◆ **Information provided**:
↓

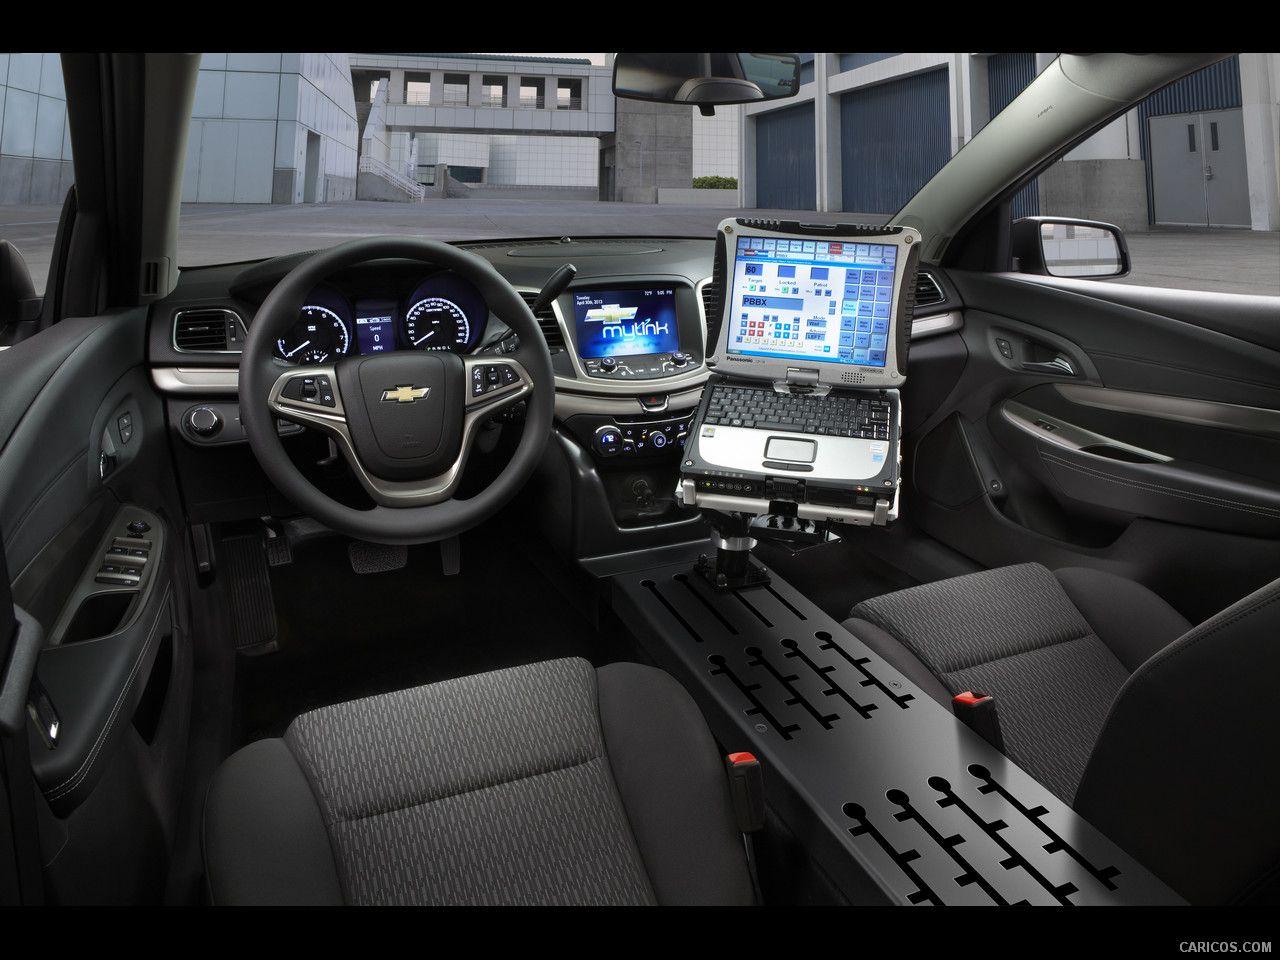 2014 Chevrolet Caprice Ppv Wallpaper Chevrolet Caprice Caprice
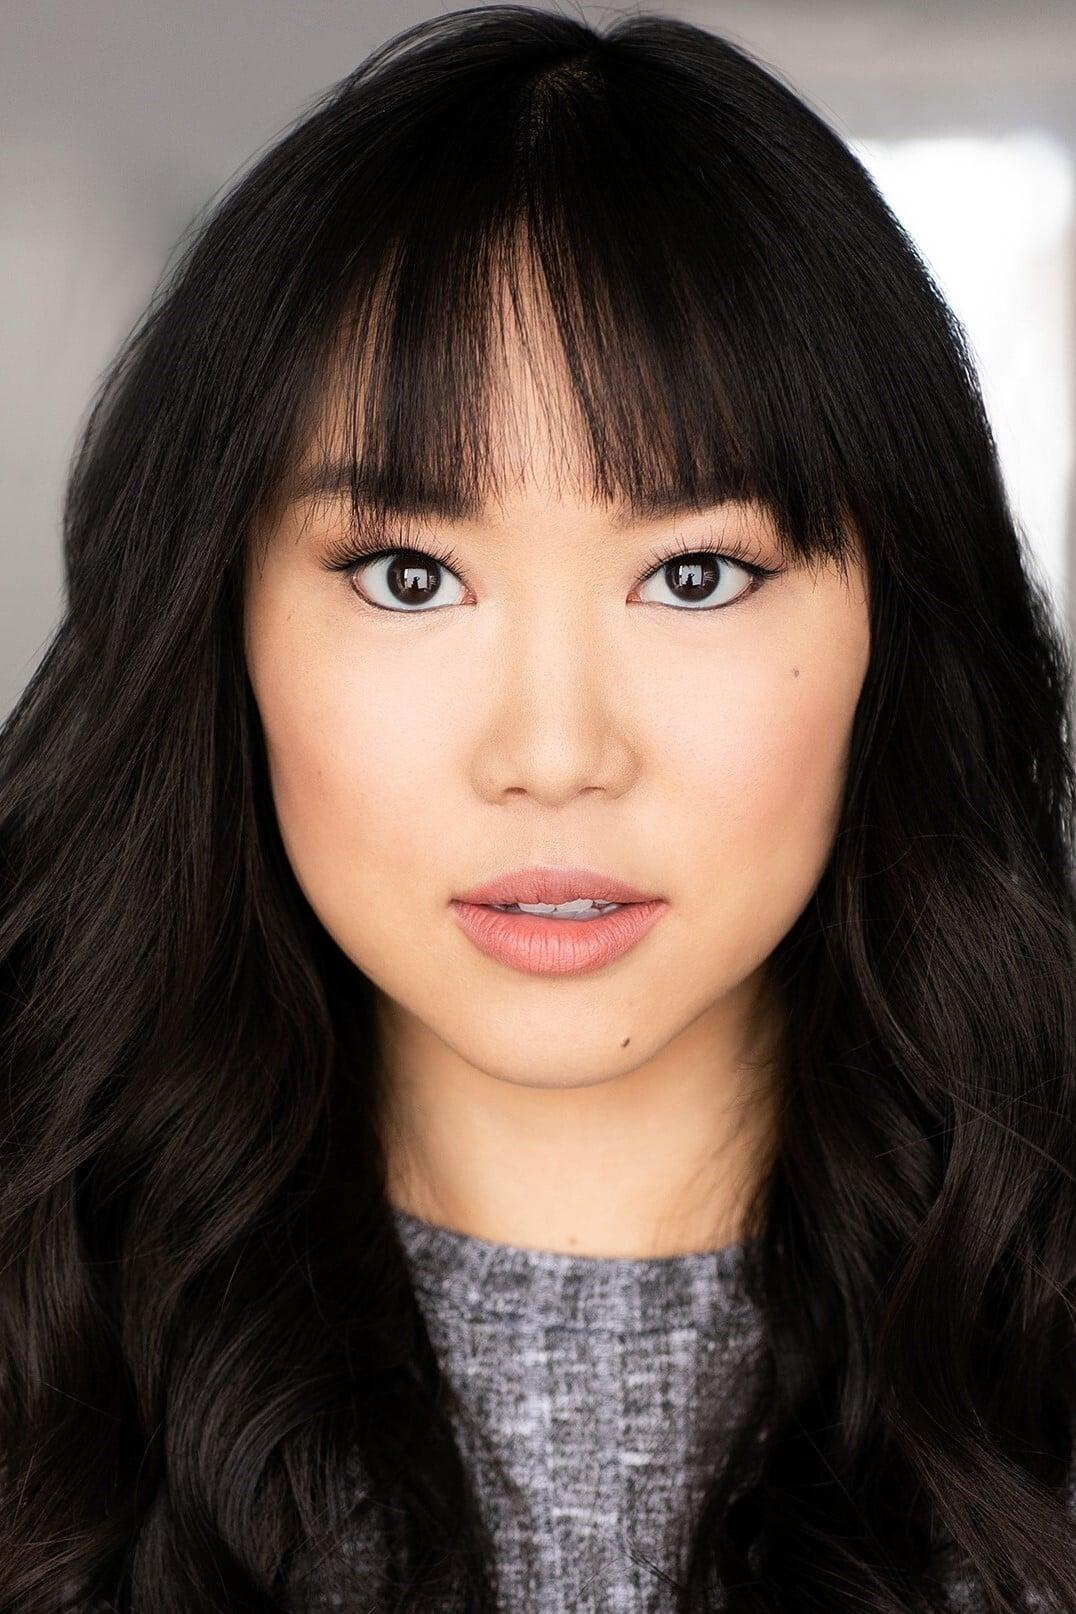 Valerie Yu
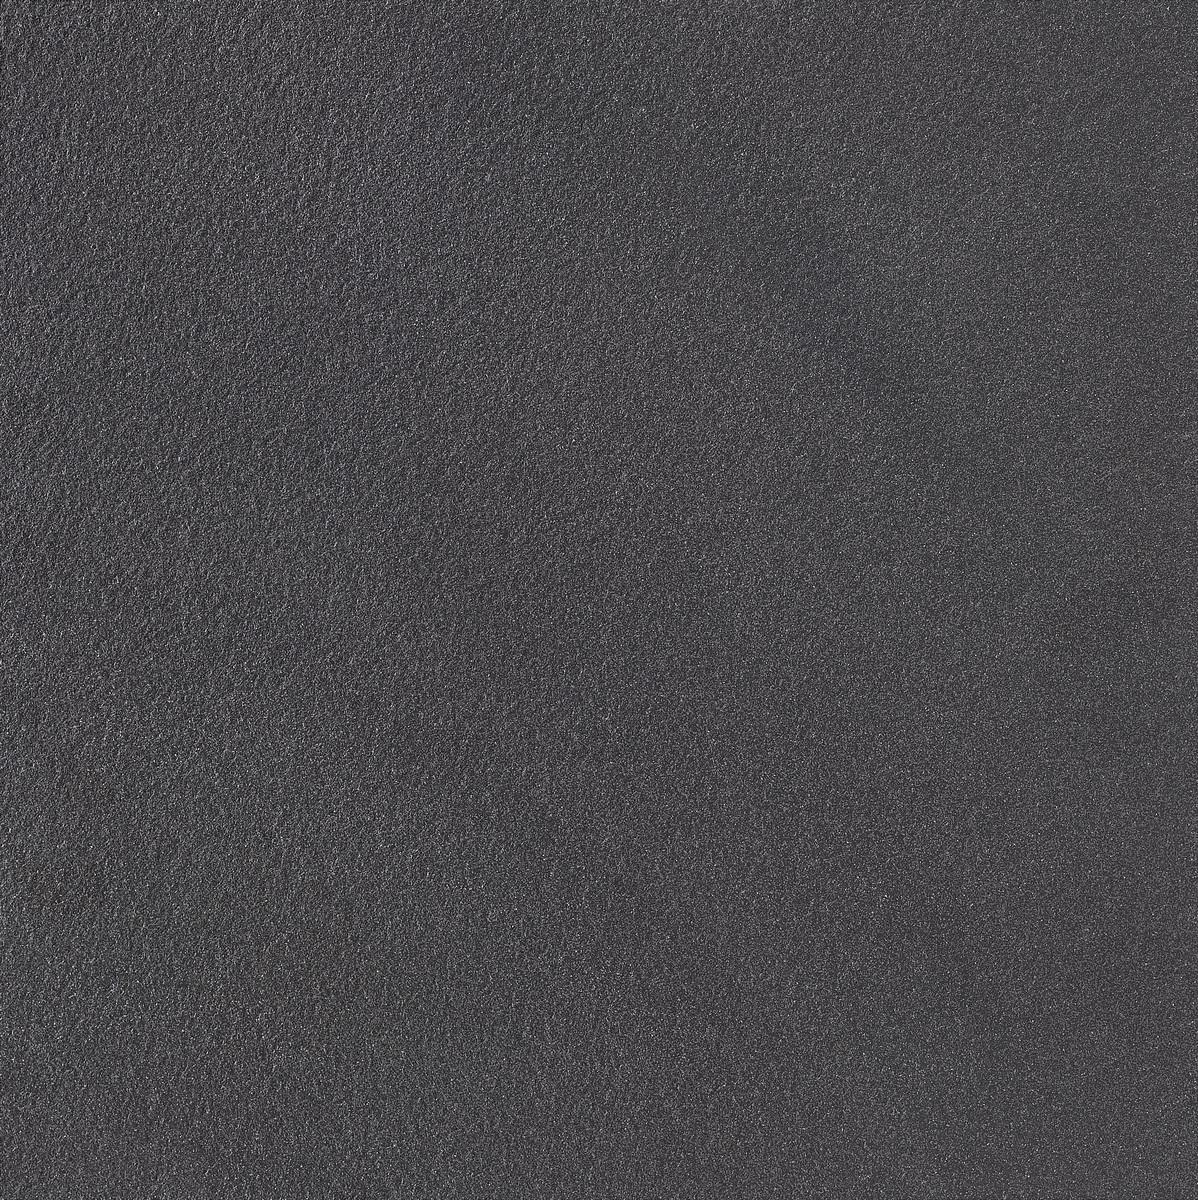 Tiles - PERTH - Textured Dark Grey 300x600mm (8 pieces)
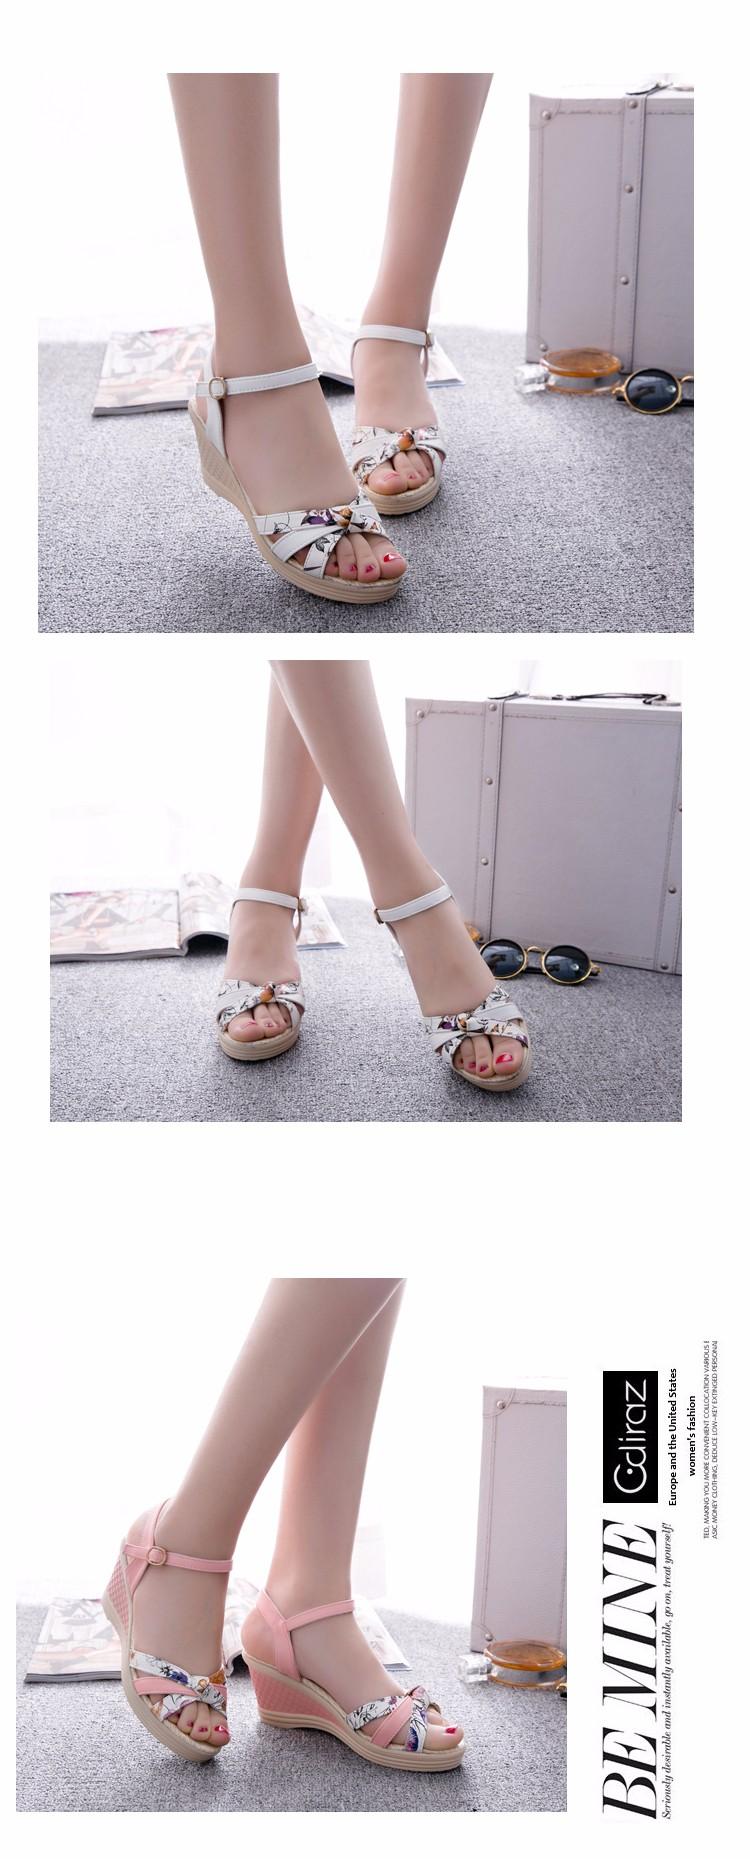 f47bc28ac8599 2016 Cute Women Sandals Newest Cork Appliques Women Flat Platform Sandals  Rome Buckle Fretwork Wedges Sandals G97 35

↑

◆ **Prompt**:
Return every line above word for word, minus images.

◆ **Result for this exercise**:
 2014 Chevrolet Caprice Ppv Wallpaper Chevrolet Caprice Caprice
 Valerie Yu
 Tiles - PERTH - Textured Dark Grey 300x600mm (8 pieces)
 f47bc28ac8599 2016 Cute Women Sandals Newest Cork Appliques Women Flat Platform Sandals  Rome Buckle Fretwork Wedges Sandals G97 35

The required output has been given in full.